This is the key example. We simulate an AR(1) process with **two types of structural
change at different dates**:

- **t = 100**: intercept shifts from 0 to 2 (level shift)
- **t = 200**: AR coefficient shifts from 0.3 to 0.8 (persistence shift)

SIS + MIS applied jointly should detect both breaks and attribute each to the right
parameter. This demonstrates that GETS can handle **multiple break types at different
times** — something Bai-Perron (which tests all parameters jointly) and Markov switching
(which switches all parameters simultaneously) cannot easily do.

In [None]:
# Simulate AR(1) with dual breaks
n_ar = 300
y_ar = np.zeros(n_ar)
for t in range(1, n_ar):
    if t < 100:
        c, phi = 0.0, 0.3     # Regime 1: stationary, zero-mean
    elif t < 200:
        c, phi = 2.0, 0.3     # Regime 2: level shift, same dynamics
    else:
        c, phi = 2.0, 0.8     # Regime 3: persistence shift, same intercept
    y_ar[t] = c + phi * y_ar[t - 1] + rng.standard_normal()

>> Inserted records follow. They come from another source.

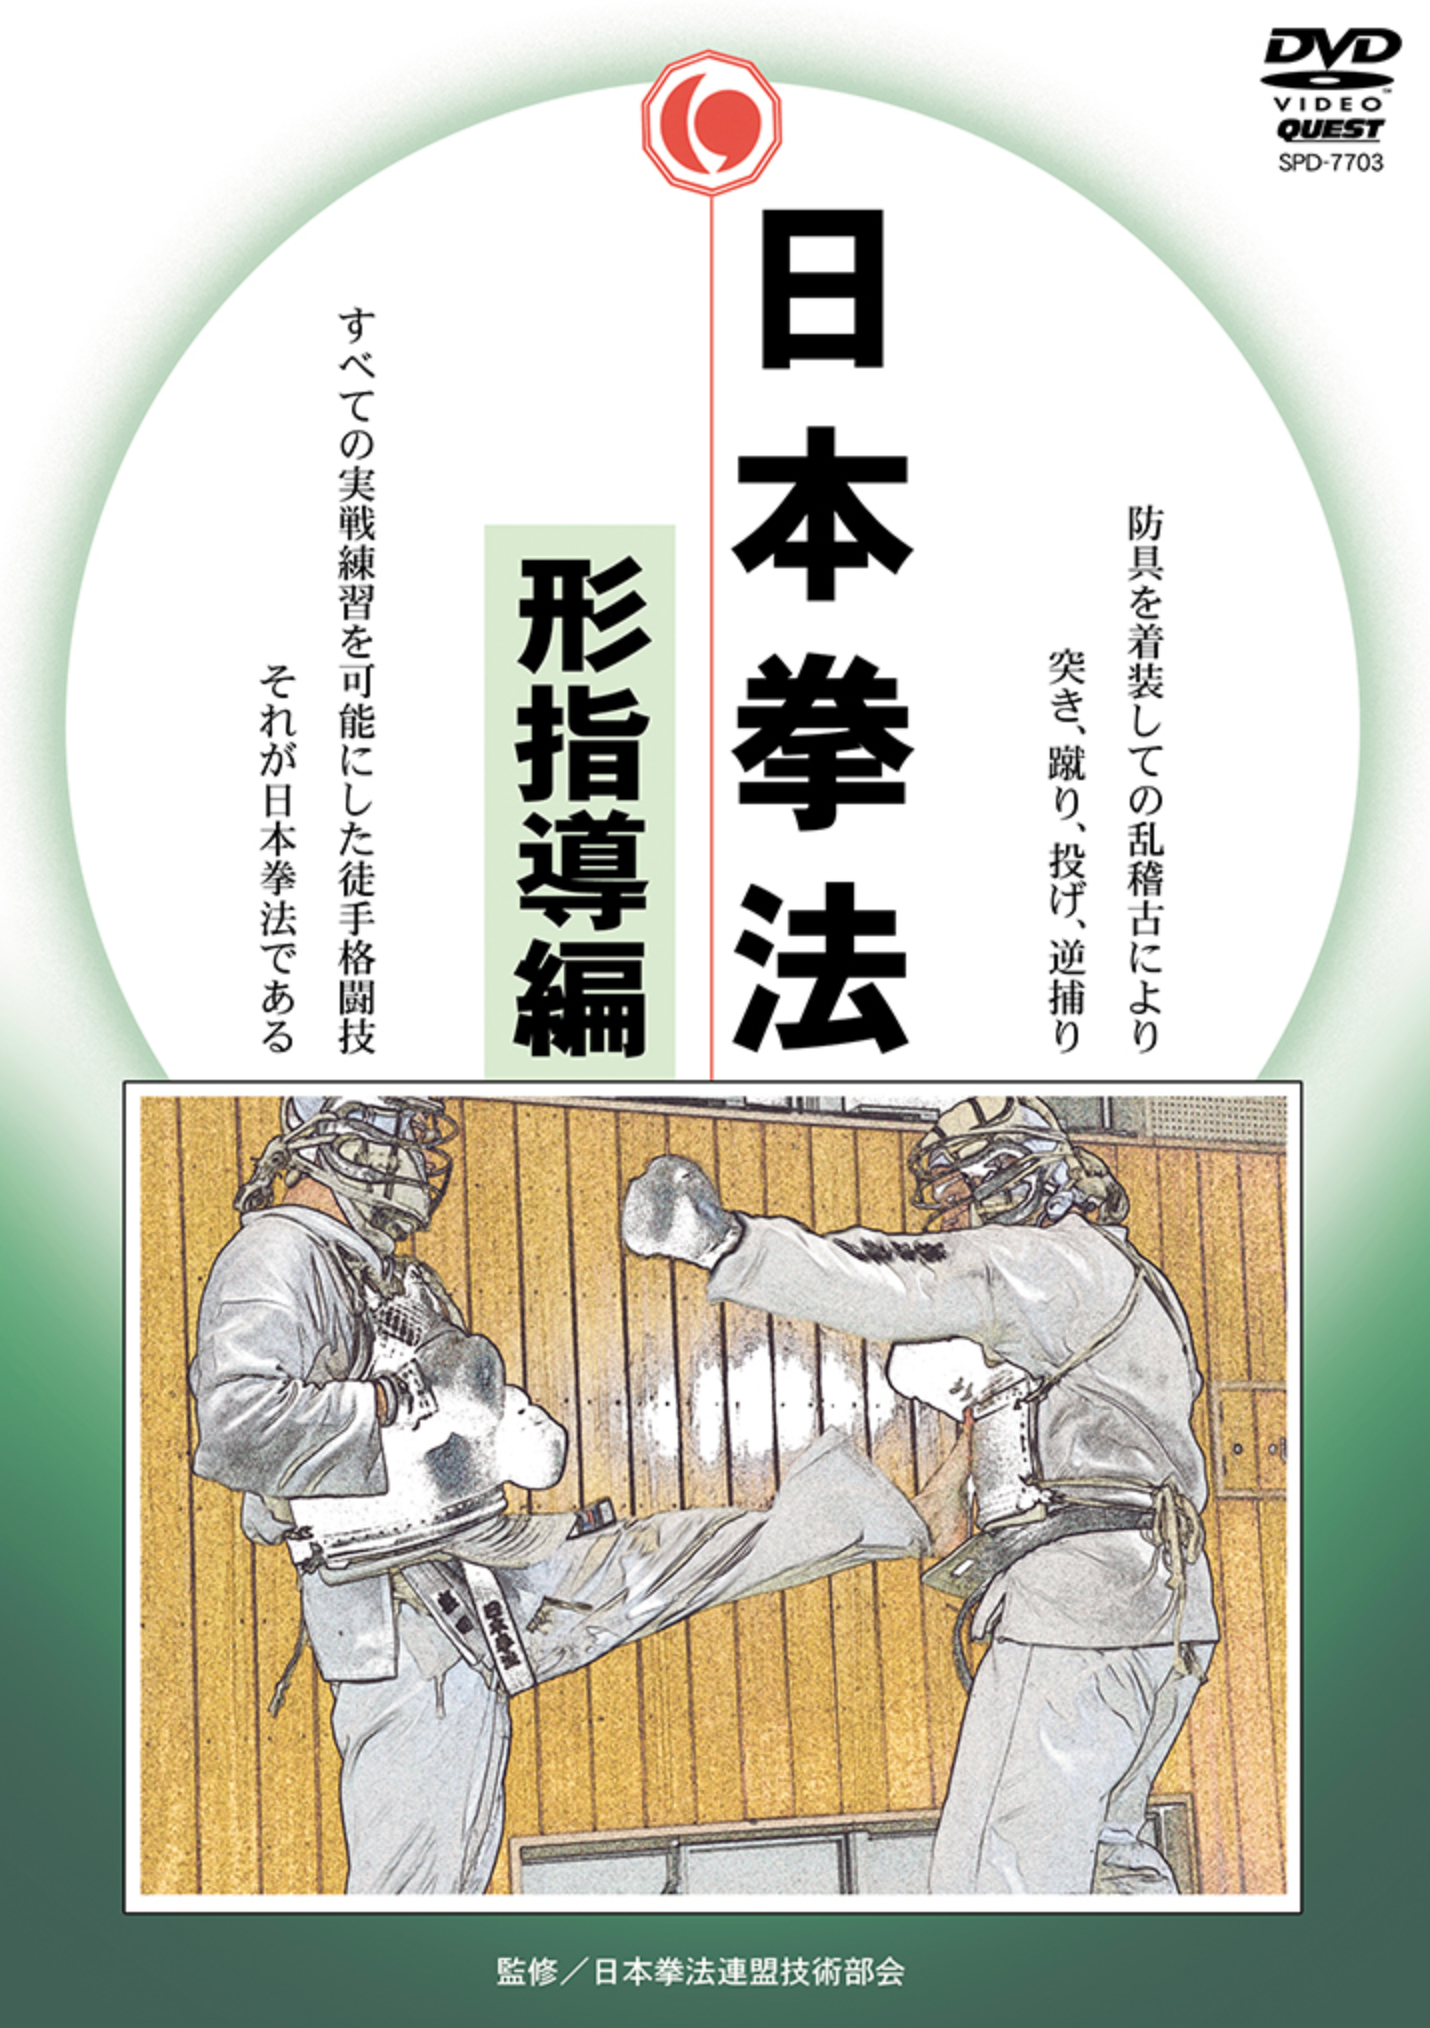 Japanese Kenpo DVD Vol 3: Forms by Yutaka Dohi - Budovideos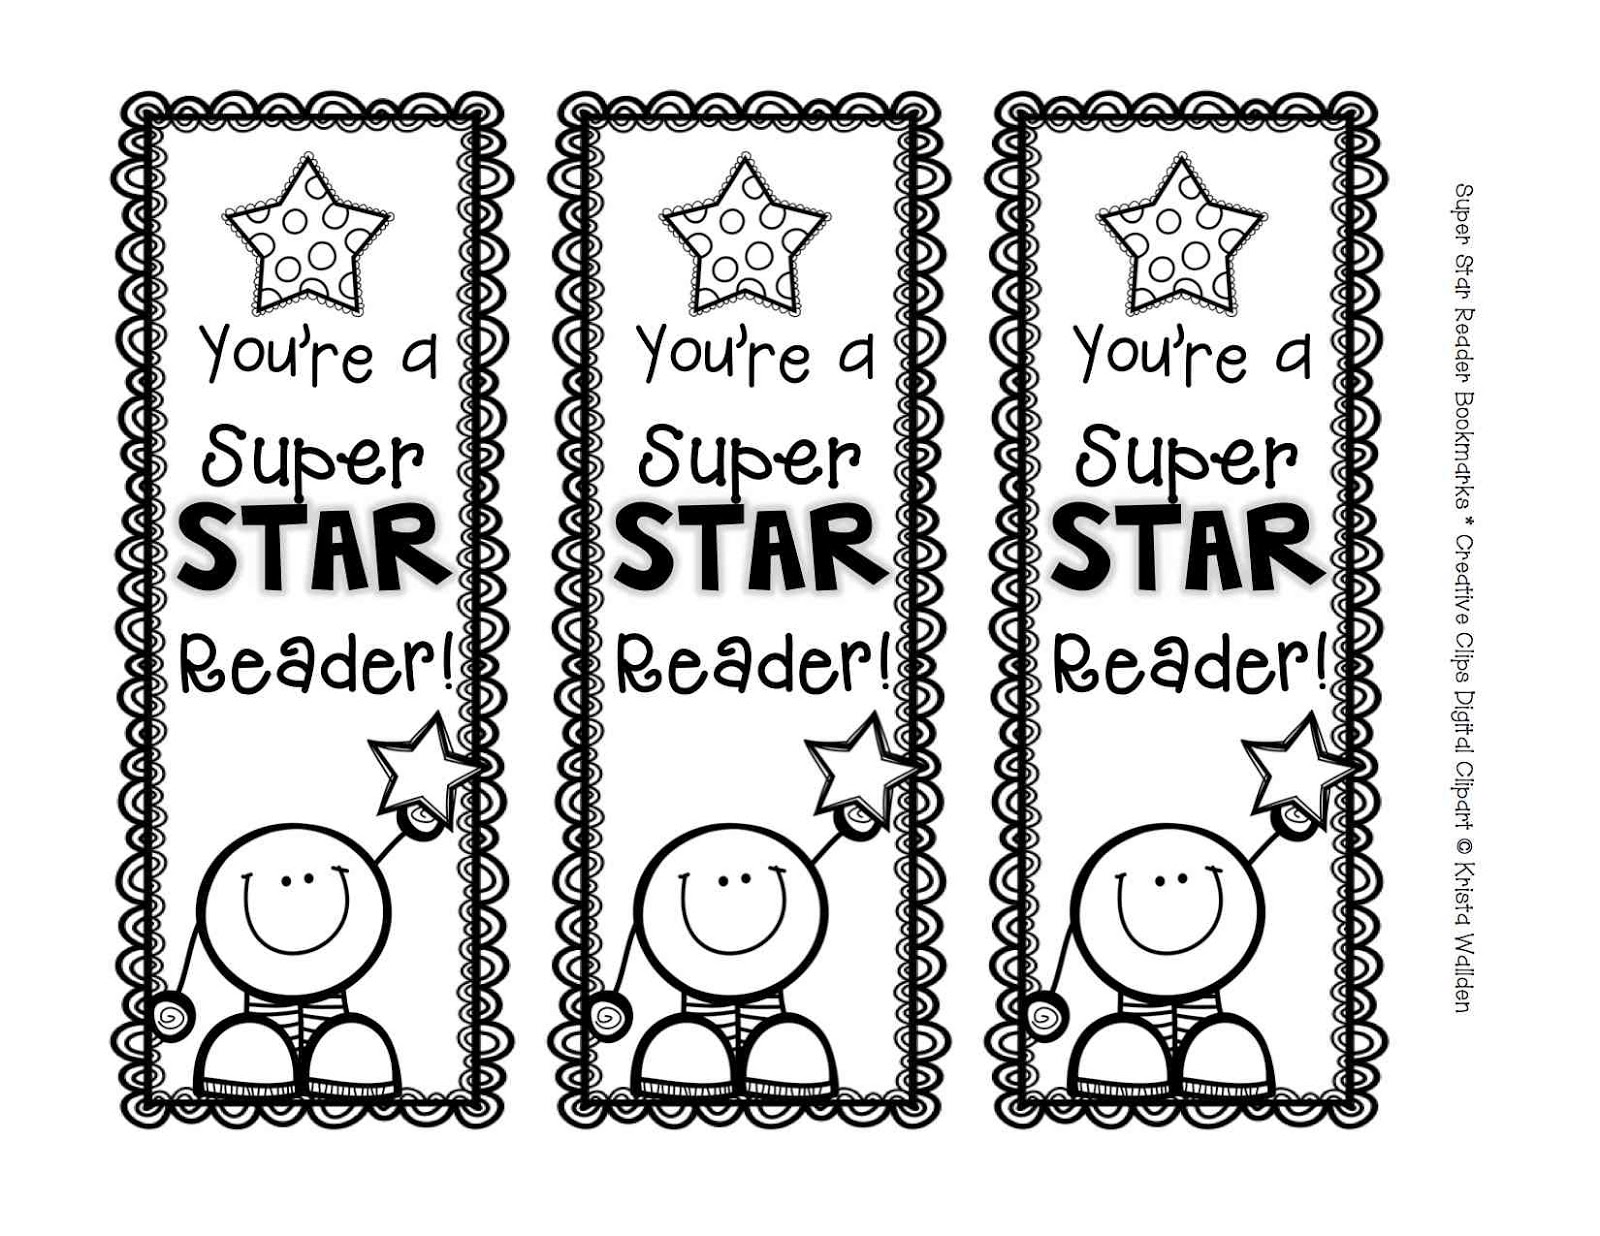 The Creative Chalkboard: Free Super Star Reader Bookmarks!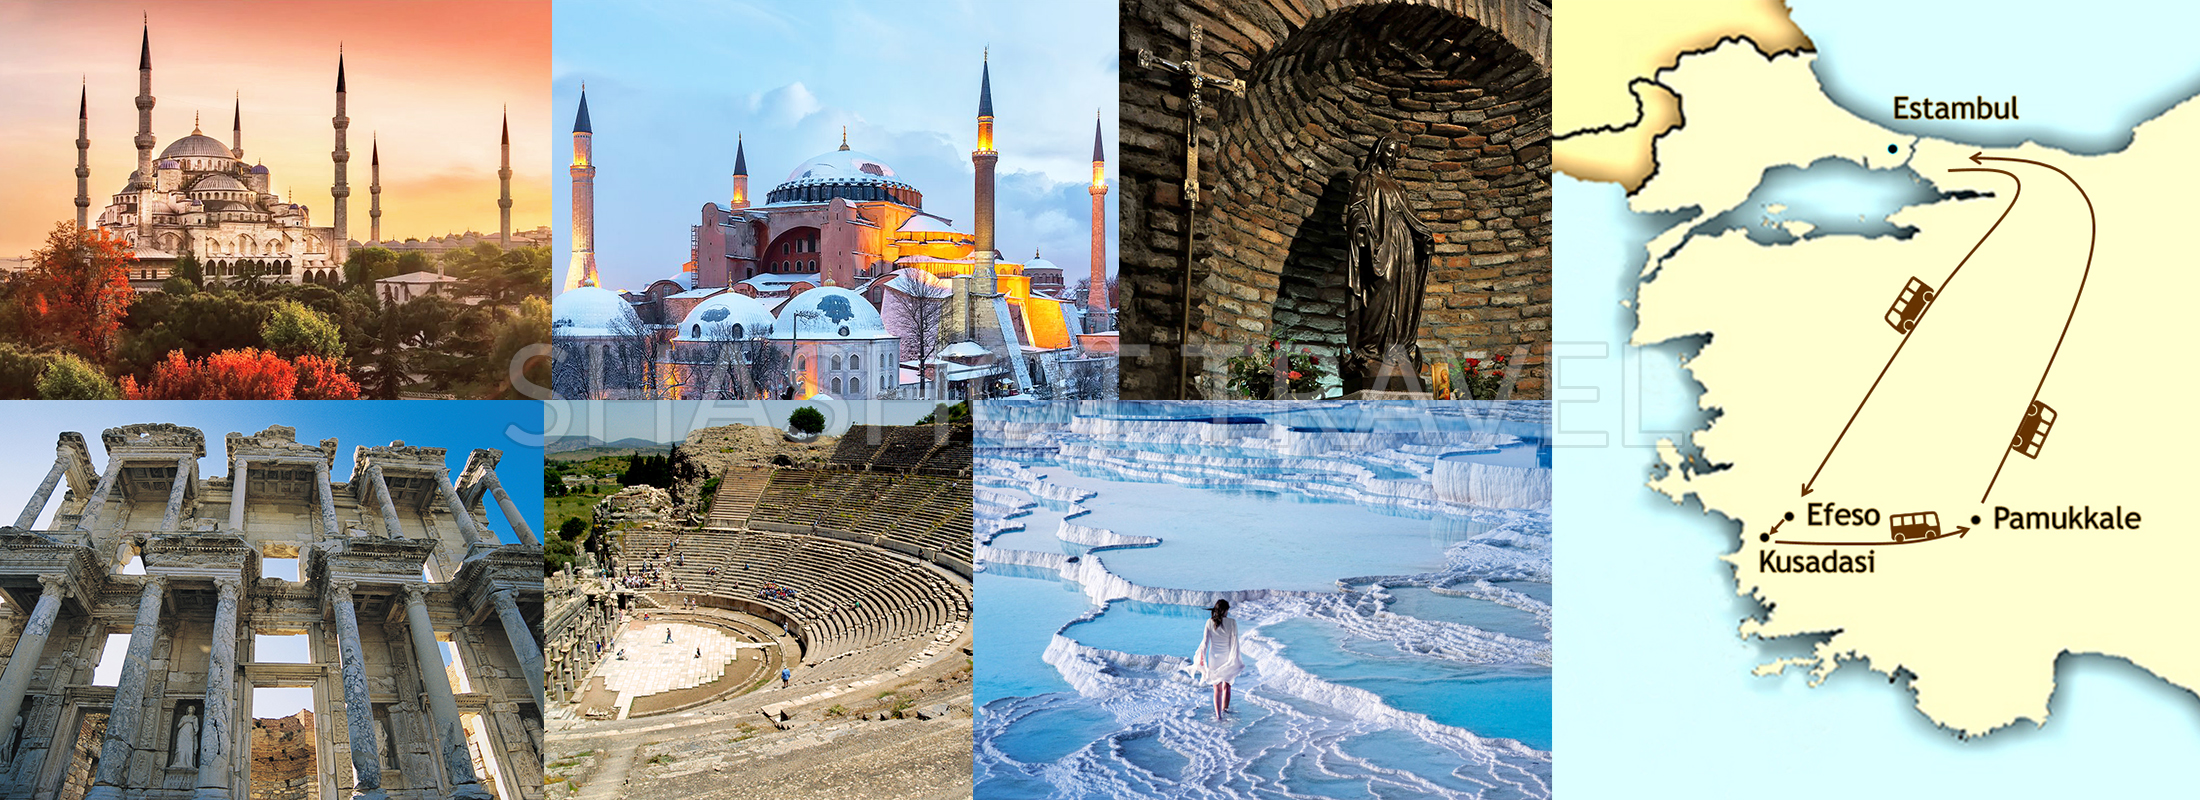 5-dias-estambul-efeso-pamukkale-con-autobus-shashot-travel-istanbul-map

fig, ax = plt.subplots(figsize=(10, 4))
ax.plot(y_ar, linewidth=0.8)
ax.axvline(100, color="red", linestyle="--", alpha=0.5, label="Intercept shift (t=100)")
ax.axvline(200, color="blue", linestyle="--", alpha=0.5, label="AR coeff shift (t=200)")
ax.set_xlabel("Observation")
ax.set_ylabel("y")
ax.set_title("AR(1) with Dual Structural Breaks")
ax.legend()
plt.tight_layout()
plt.show()

In [None]:
# Run SIS + MIS on the AR(1) model
ar_model = rg.AR(y_ar, lags=1)
result_ar = ar_model.isat(sis=True, mis=True, alpha=0.01)
print(result_ar.summary())

In [None]:
# Visualize regime levels for both const and AR coefficient
fig, axes = result_ar.plot_regime_levels(
    title="AR(1): Regime Levels for Intercept and AR Coefficient"
)
plt.show()

## 8. ADL Integration

Indicator saturation also works with ADL models via the `.isat()` convenience method.
The lag structure is handled automatically.

In [None]:
# Simulate ADL(1,0) data with an intercept shift at t=150
x_adl = rng.standard_normal(n)
y_adl = np.zeros(n)
for t in range(1, n):
    c = 1.0 if t < 150 else 3.0
    y_adl[t] = c + 0.4 * y_adl[t - 1] + 0.5 * x_adl[t] + rng.normal(0, 0.5)

adl_model = rg.ADL(y_adl, x_adl, lags=1, exog_lags=0)
result_adl = adl_model.isat(sis=True, alpha=0.01)
print(f"ADL break dates: {result_adl.break_dates}")
print(f"Retained: {result_adl.retained_indicators}")

## 9. Tuning: Significance Level

The `alpha` parameter controls the GETS selection threshold. Lower alpha means fewer
false positives but may miss real breaks; higher alpha is more sensitive but may retain
spurious indicators.

In [None]:
for a in [0.01, 0.05, 0.10]:
    result = rg.isat(y_sis, sis=True, alpha=a)
    print(f"alpha={a:.2f}:  breaks={result.break_dates}, "
          f"retained={result.n_indicators_retained}")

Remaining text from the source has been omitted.